Well I'm coming up on nearly one year in the UK -- it will be on March 28th. But this weekend/week is really the hardest so far: my grandma died Saturday night in Kansas (she died peacefully after a very short illness & was 104). After lots of agonizing & tears yesterday, I decided not to return for her funeral on Wednesday morning -- which is coming up very soon, travel at this time will be very expensive, we have literally just moved house & everything is spread out everywhere, roofers and furniture deliveries are coming this week, etc. DH said I could go if I decided to, but I just don't feel that I can or should in consideration of my responsibilities here at home. It was a really tough decision to make because my grandma helped my mom in raising me after my dad died when I was only 9 years old. The worst is that I can't be there for my mom, who has dementia & may be confused, but both of my brothers will be there. Also, I was just there in November/December. My family are all spread out in Kansas, Maryland, Georgia, and Florida -- and when I go back, I try to fit all of those destinations into a two week span so I can see everyone, which takes an enormous amount of planning & coordination, is expensive & exhausting.
So this is definitely the worst time for me so far... :\\\'( I'm usually always lonesome for my old friends, in need of new ones over here, & I'm struggling with the job search, but I've been coping with all that alright, I guess.
It's been a year with so many highs & lows...DH & I are very happy together, we had a lovely wedding day last August & have taken some great holidays together (to the USA, Amsterdam, Antwerp & around Spain), just bought our house - a first for both of us. Just wish the rest of my new life would start falling into place, and Grandma was really special to me.

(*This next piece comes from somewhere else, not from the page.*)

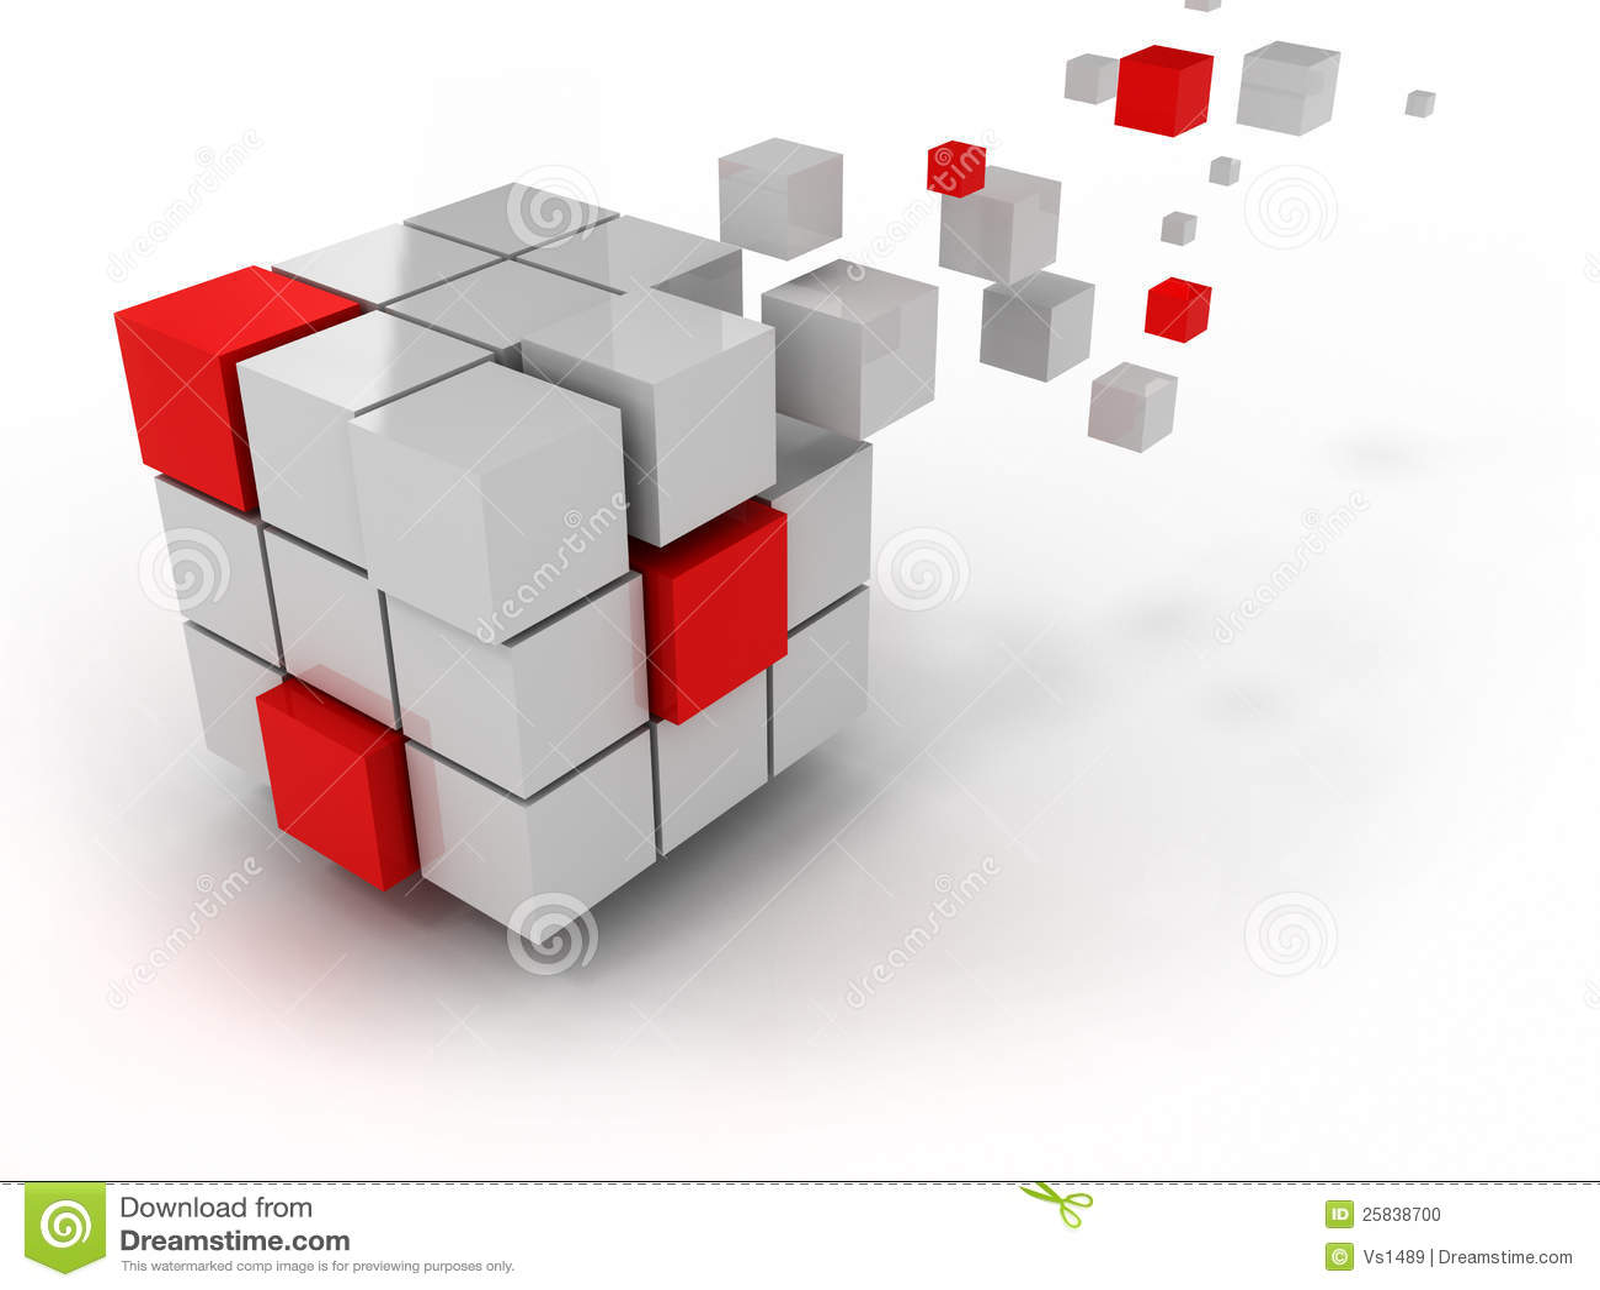 Design Build Business Structure

But I know she's not there any more & goodness knows - she waited more than 31 years to be reunited with her beloved husband in the grave. She was always wondering why it wasn't 'her turn' yet & survived in the past 4 years, despite her advanced age, pulmonary heart failure, pneumonia twice, a broken pelvis, etc. She lived by herself in her own home until she was 101 -- when I had to put her in a nursing home 'cause my mom (grandma's daughter) was already in the nursing home, leaving no one left to look after grandma. I'm glad that grandma finally made it to where she wanted to be for a long, long time & there's loads of folks on the other side who I'm sure have been waiting for her -- everyone she ever knew as she outlived all of them! (if you believe in such things) She outlived her husband, all of his siblings, all of her own siblings except one (she was the oldest of 8 or 9 children), two of her own children, all of her friends, on & on. Born in 1900, as a young girl, she drove horses behind a plow on her dad's Kansas farm, saw one of the first airplanes land in a Kansas wheatfield, helped raise her brothers & sisters, got courted by my granddad, her childhood sweetheart, in a horse & buggy, eventually learned to drive in a Model T, raised her family during the Great Depression, sent brothers & son off to Europe and the Phillippines in WWII, saw a man land on the moon, took her own first airplane ride at the age of 92, and everything else in between. And the great stories! Someone once asked her if she wouldn't like to have an old washboard to keep as an antique -- she nearly laughed herself off her chair & said she was never so happy as the day she got to throw the damn old washboard away because she finally had an automatic washing machine & didn't care if she ever saw another washboard in her entire life! She was truly amazing. Still, my world feels a little less cheerful without her in it.